:: Listed entries

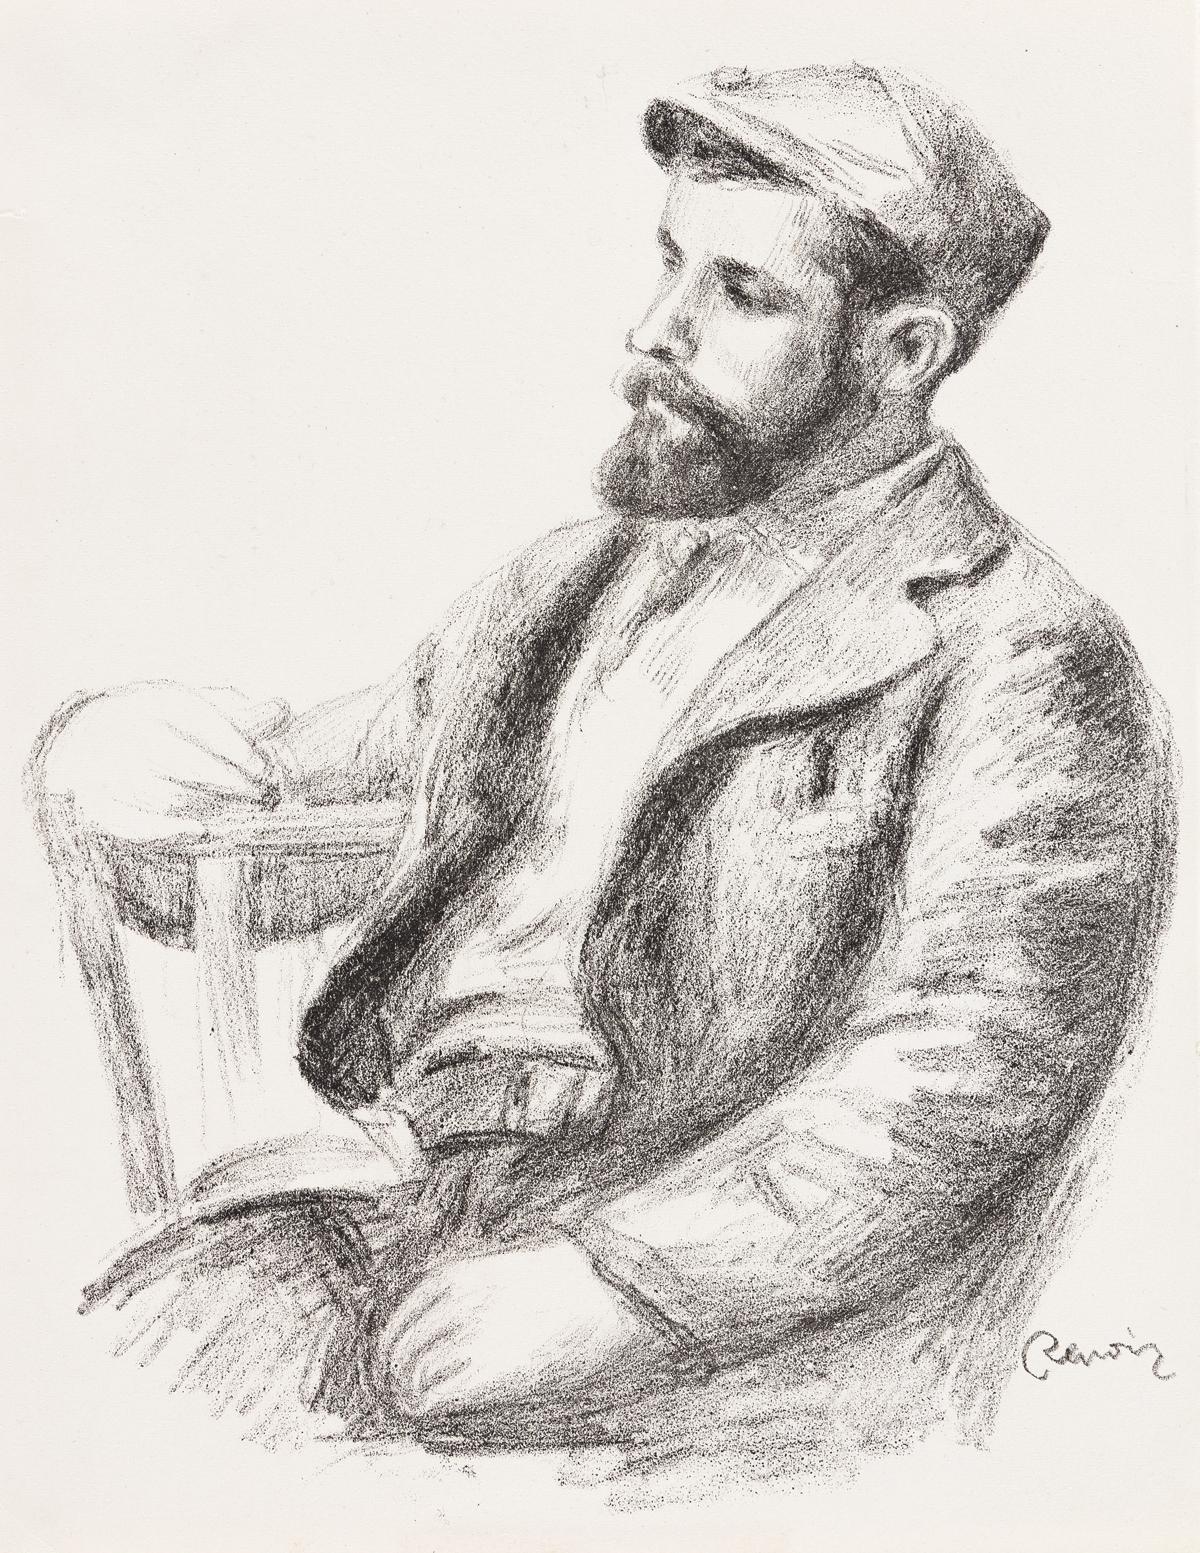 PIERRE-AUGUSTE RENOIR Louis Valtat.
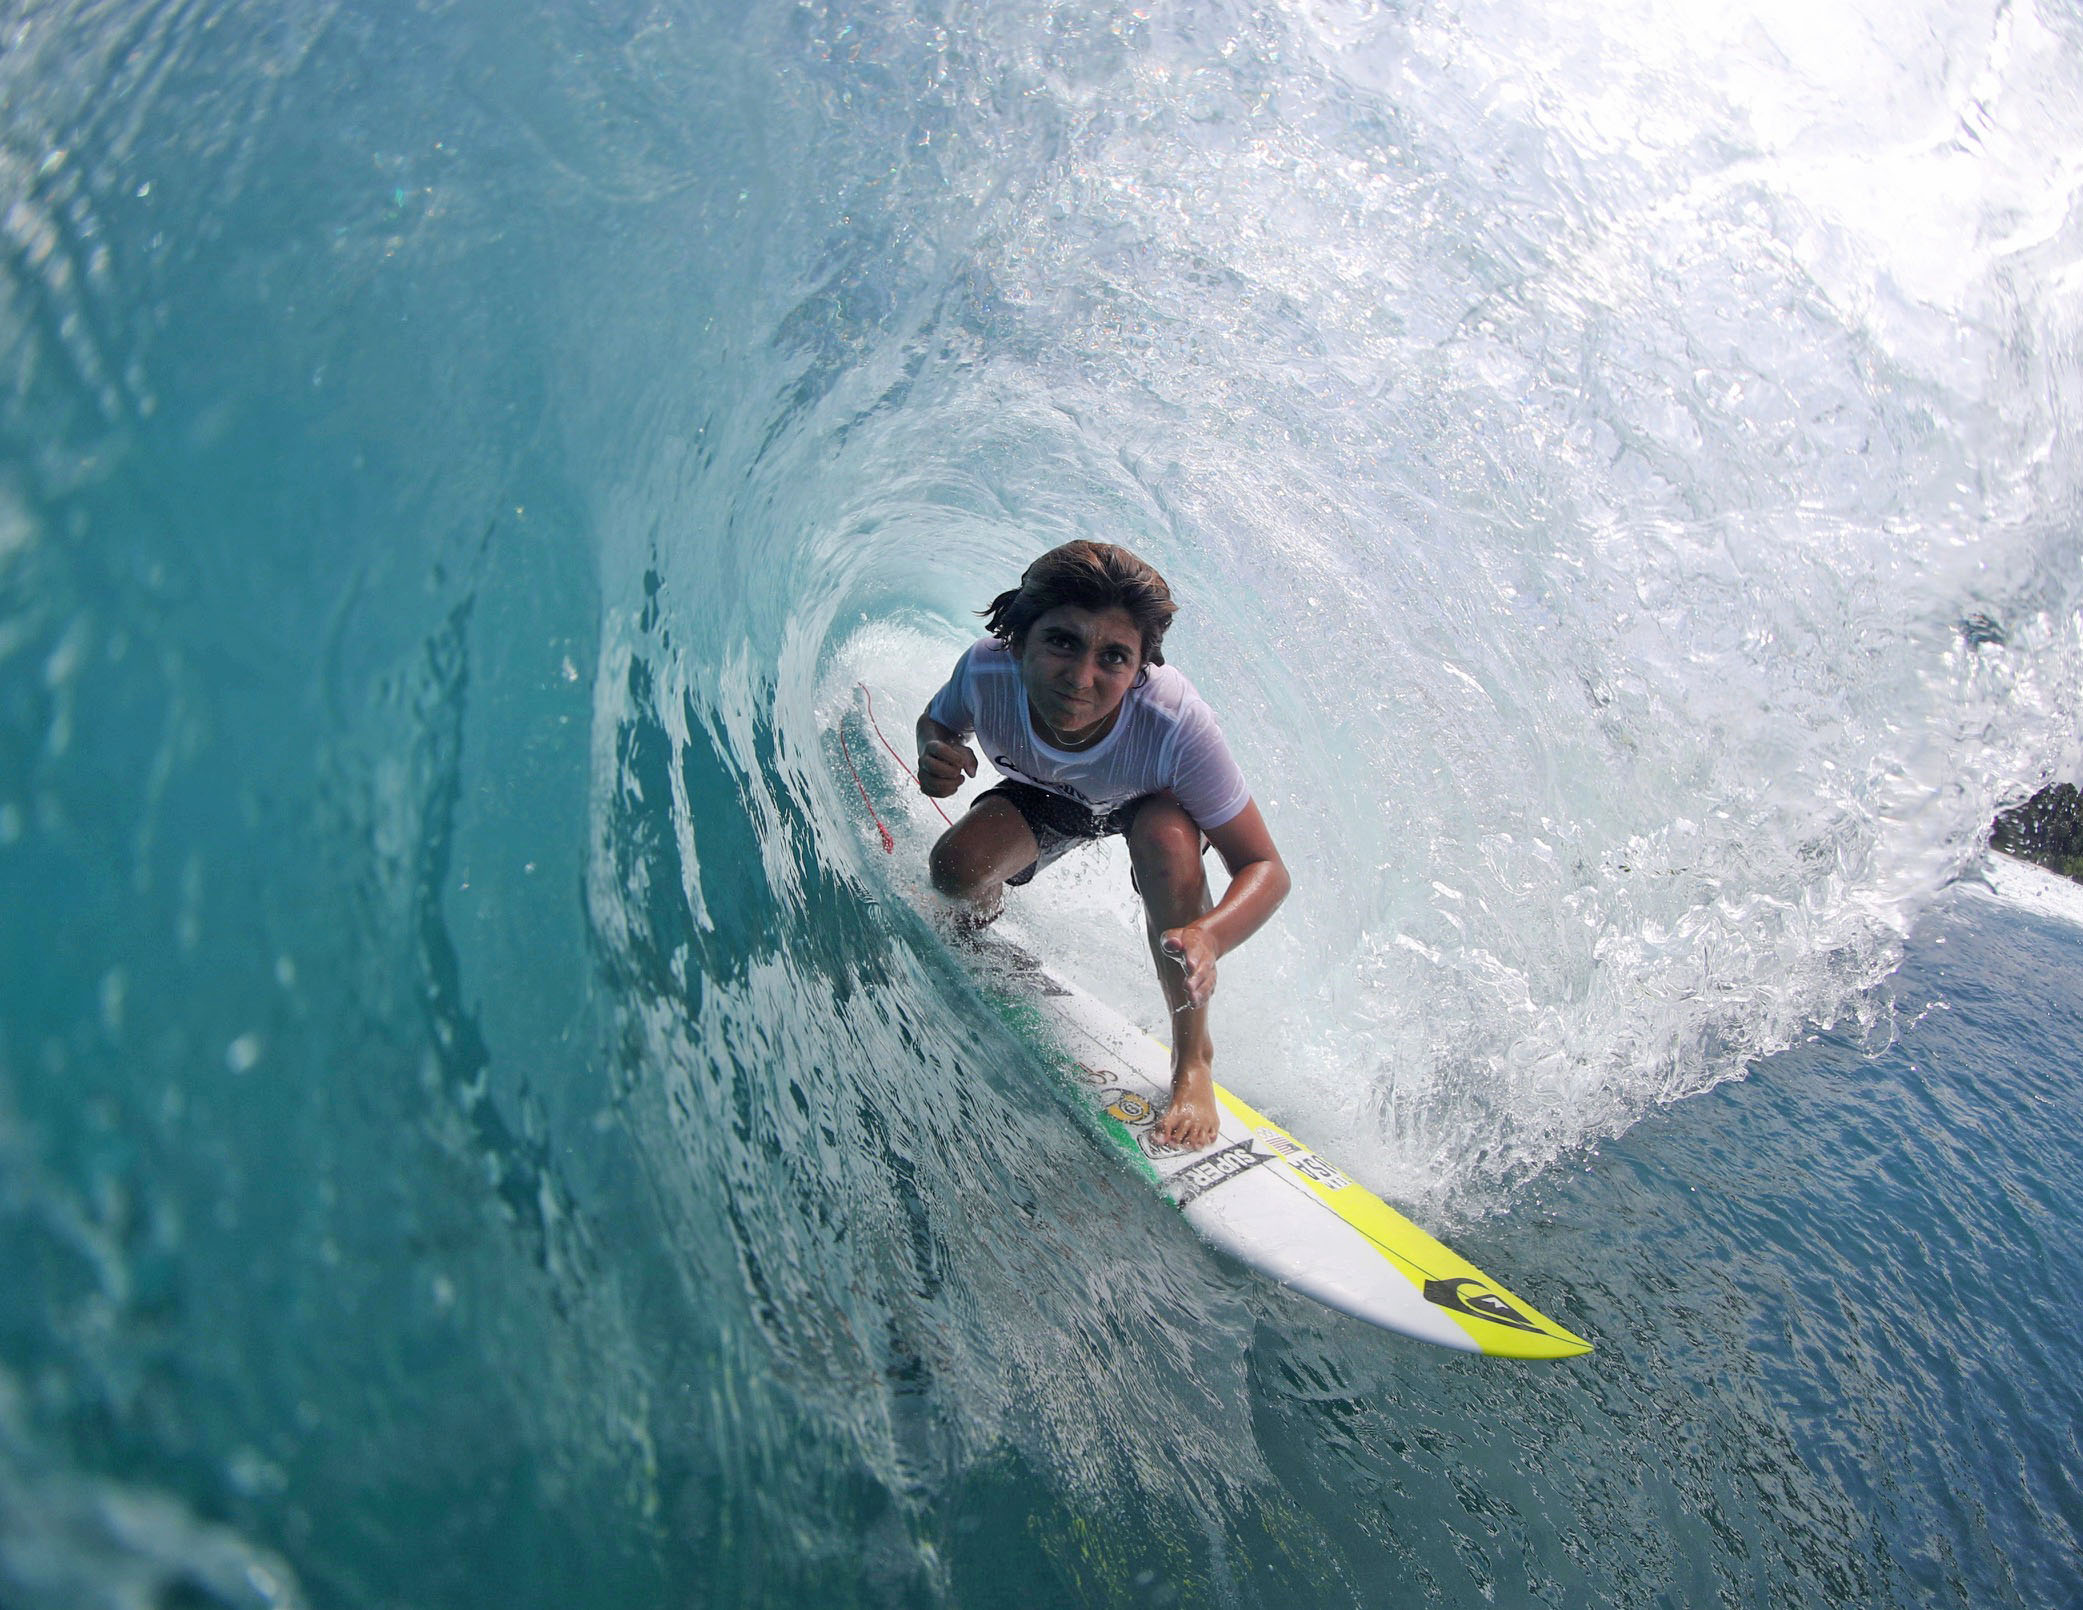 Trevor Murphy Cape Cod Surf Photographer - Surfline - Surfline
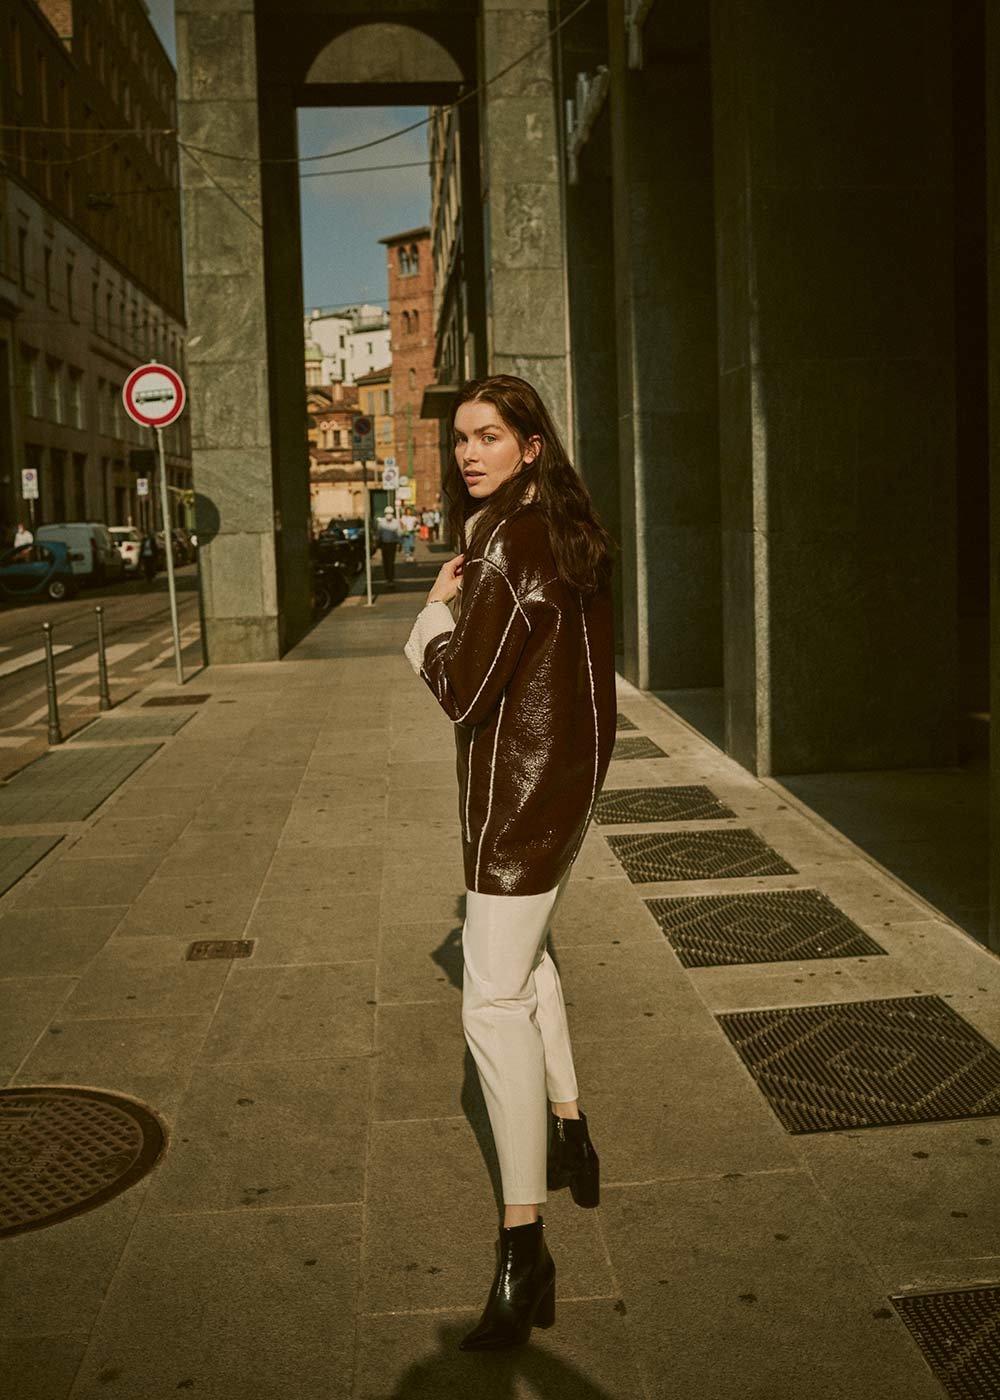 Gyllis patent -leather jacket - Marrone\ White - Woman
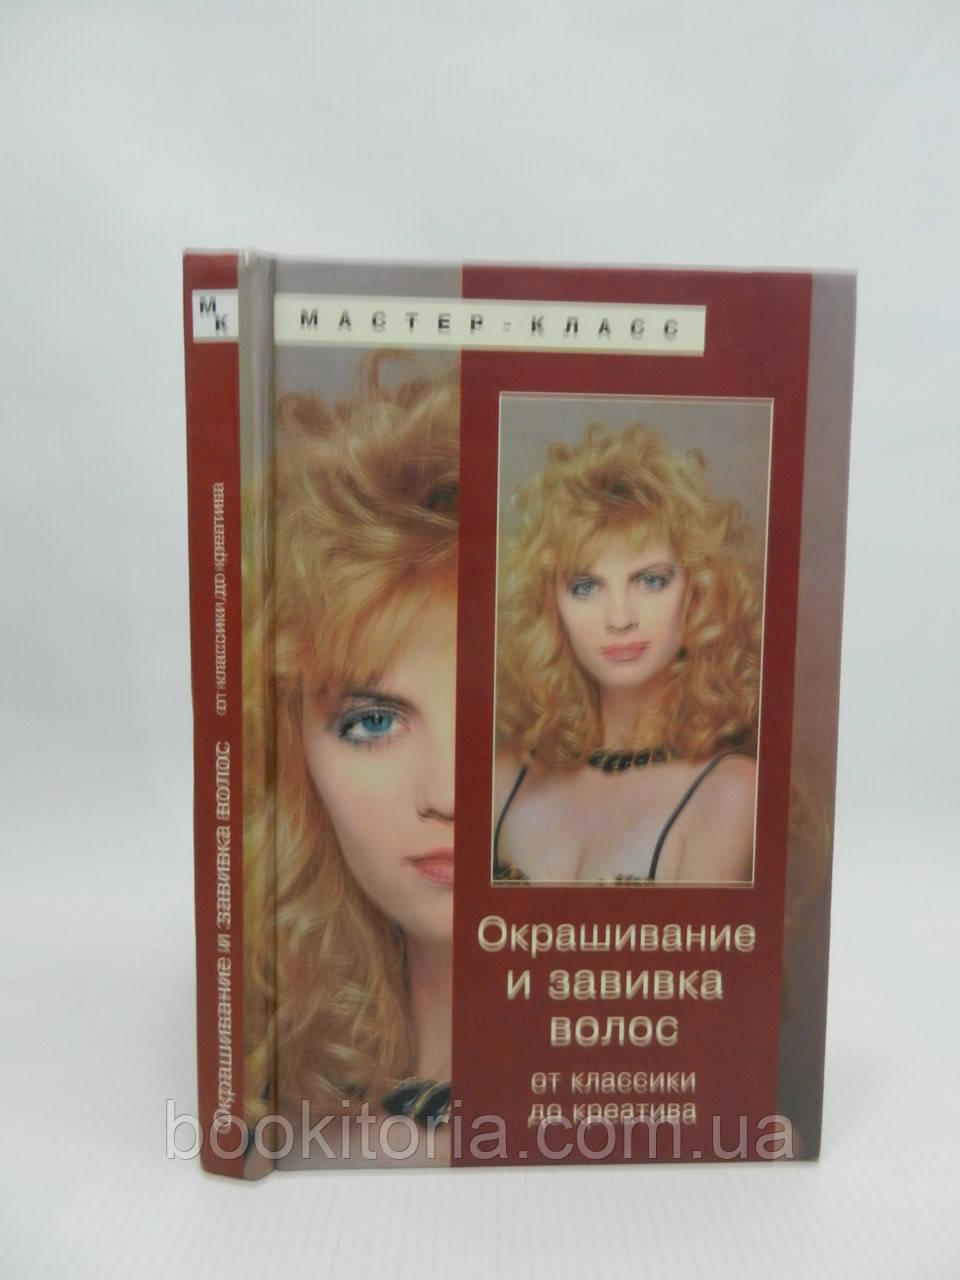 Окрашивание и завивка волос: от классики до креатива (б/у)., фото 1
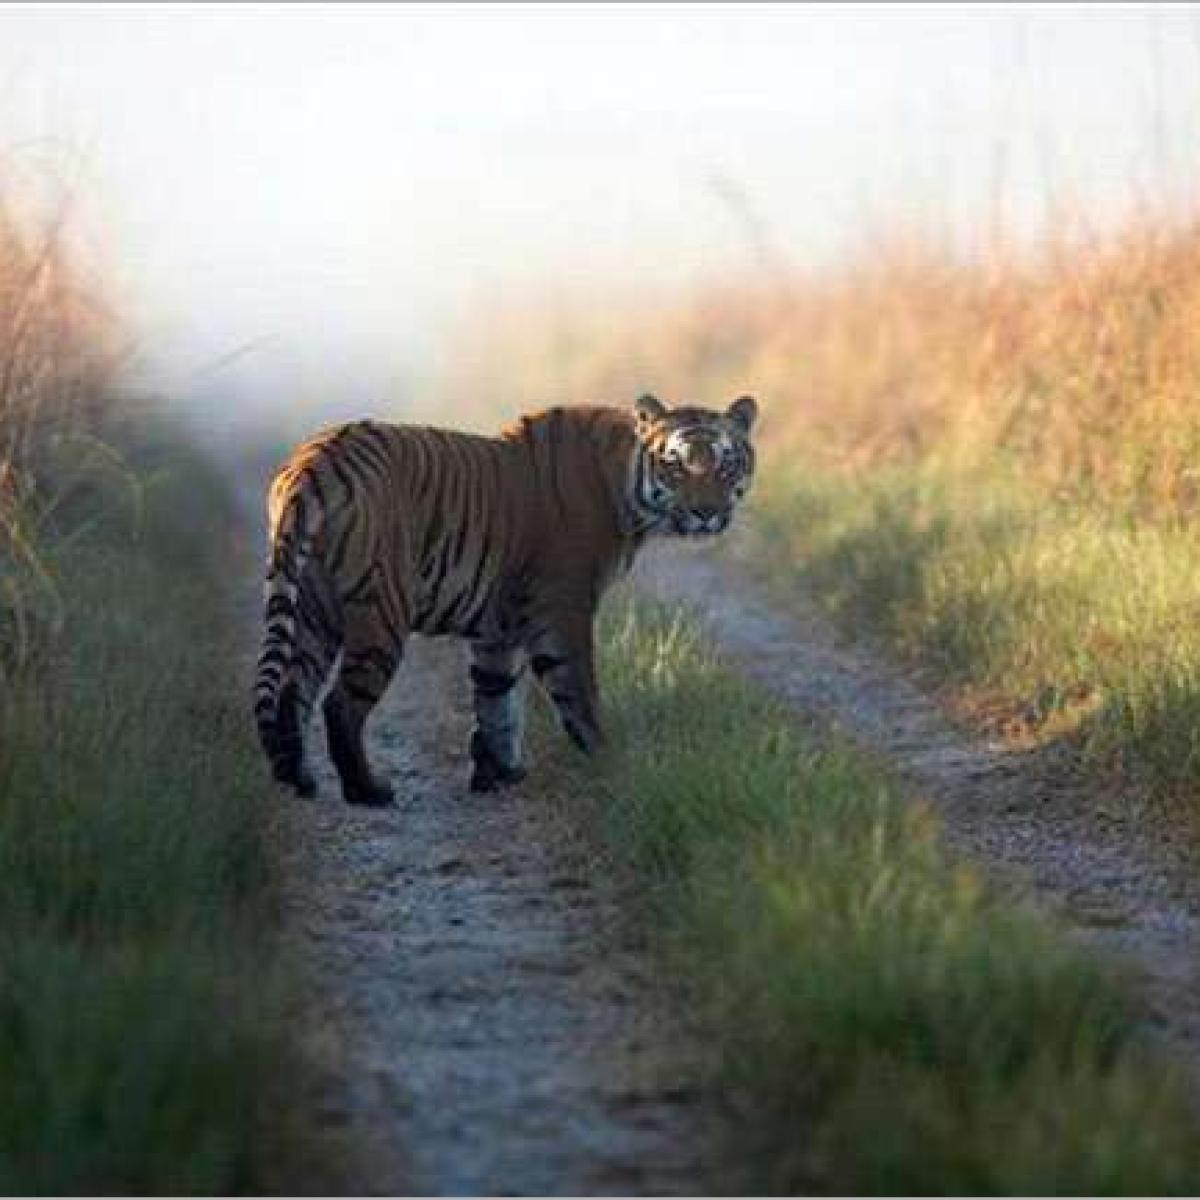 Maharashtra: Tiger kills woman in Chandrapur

::::

* **Problem requirements**
Pass over the images and copy the rest of the material above exactly.

* **Answer space**
 PIERRE-AUGUSTE RENOIR Louis Valtat.
 Trevor Murphy Cape Cod Surf Photographer - Surfline - Surfline
 Gyllis patent -leather jacket - Marrone\ White - Woman
 Окрашивание и завивка волос: от классики до креатива (б/у)., фото 1
 Maharashtra: Tiger kills woman in Chandrapur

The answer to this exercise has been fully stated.